I don't have anything more to add, as it looks like you've tried everything.
Maybe the DECA is defective in the receiver.
Maybe try resetting the network defaults and give the SAT setup another try. :shrug:


----------



## SnoopHogg (Aug 29, 2008)

Thanks for the reply... It's really frustrating. Last night, I plugged the ethernet in from the CCK to the receiver, just for kicks... And it worked. I know it's not supposed to work this way, but it is. And the other receivers are seeing it and sharing just fine too. I'm sure it won't last, but it's working for now. 

One other thing... I don't have the Pandora or YouTube icons in my Extras menu? My software says it is 0x5d2. Will this update and add the icons at some point? The wife has to have her Pandora! Lol


----------



## samrs (May 30, 2004)

When Techs activate a new or refurb HDDVR there are several things that have to happen for all the junk to work.

Hook it up and force a software upgrade.
Activate check programming.
RBR, when it comes back up there is an additional software upgrade.

Once this happens then it should share and connect to the internet.

If you leave it alone it will eventually do the upgrades on its own.
Check the system info screen it should have 0x5d2. If it doesn't force a software upgrade.
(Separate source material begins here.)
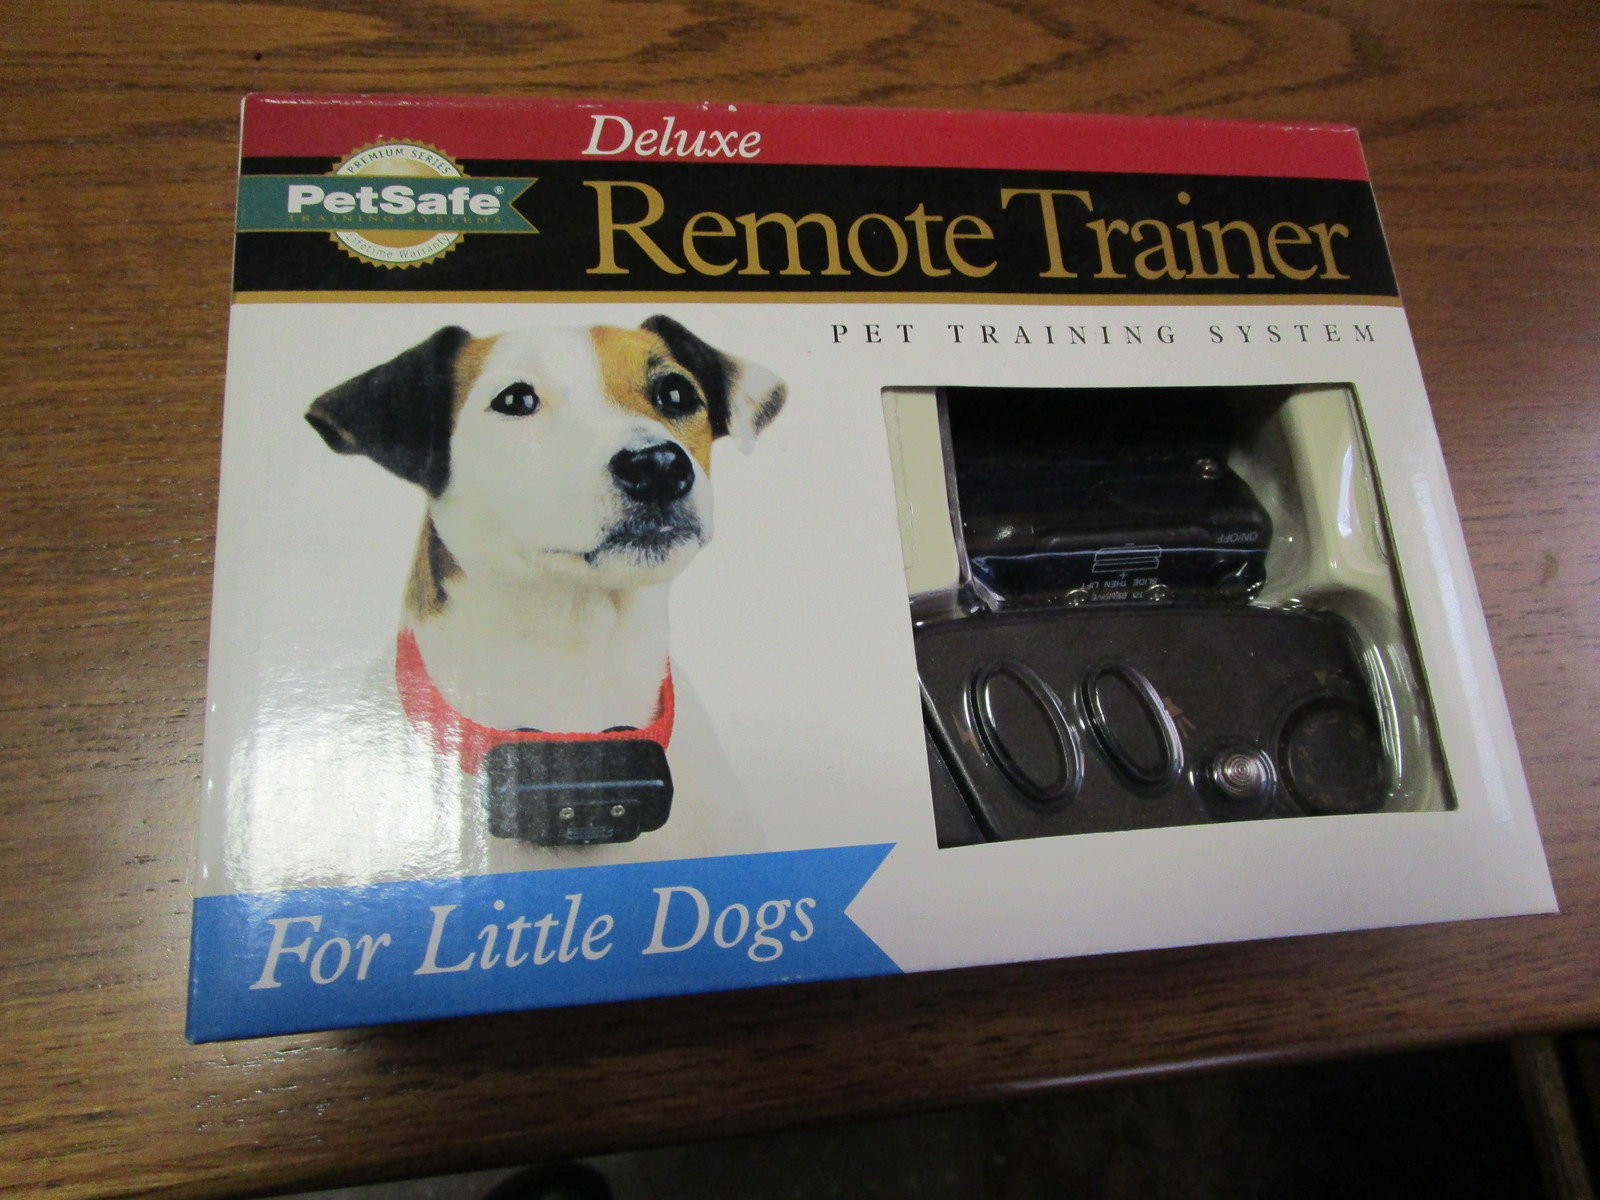 Primary image for Petsafe Deluxe Remote Trainer Pet Training System For Little Dogs

If DirecTv sent you a refurb well.....some are and some ain't.


----------



## The Merg (Jun 24, 2007)

SnoopHogg said:


> Thanks for the reply... It's really frustrating. Last night, I plugged the ethernet in from the CCK to the receiver, just for kicks... And it worked. I know it's not supposed to work this way, but it is. And the other receivers are seeing it and sharing just fine too. I'm sure it won't last, but it's working for now.
> 
> One other thing... I don't have the Pandora or YouTube icons in my Extras menu? My software says it is 0x5d2. Will this update and add the icons at some point? The wife has to have her Pandora! Lol


Now that you've hooked up an Ethernet cable to the HR24, let's try resetting it back to the DECA. Maybe for some reason the DECA was off, but it thought it was on.

Disconnect the Ethernet cable and rerun the Network Setup. That should re-enable the internal DECA in the receiver. If that doesn't work then I'd see about getting another replacement.

- Merg


----------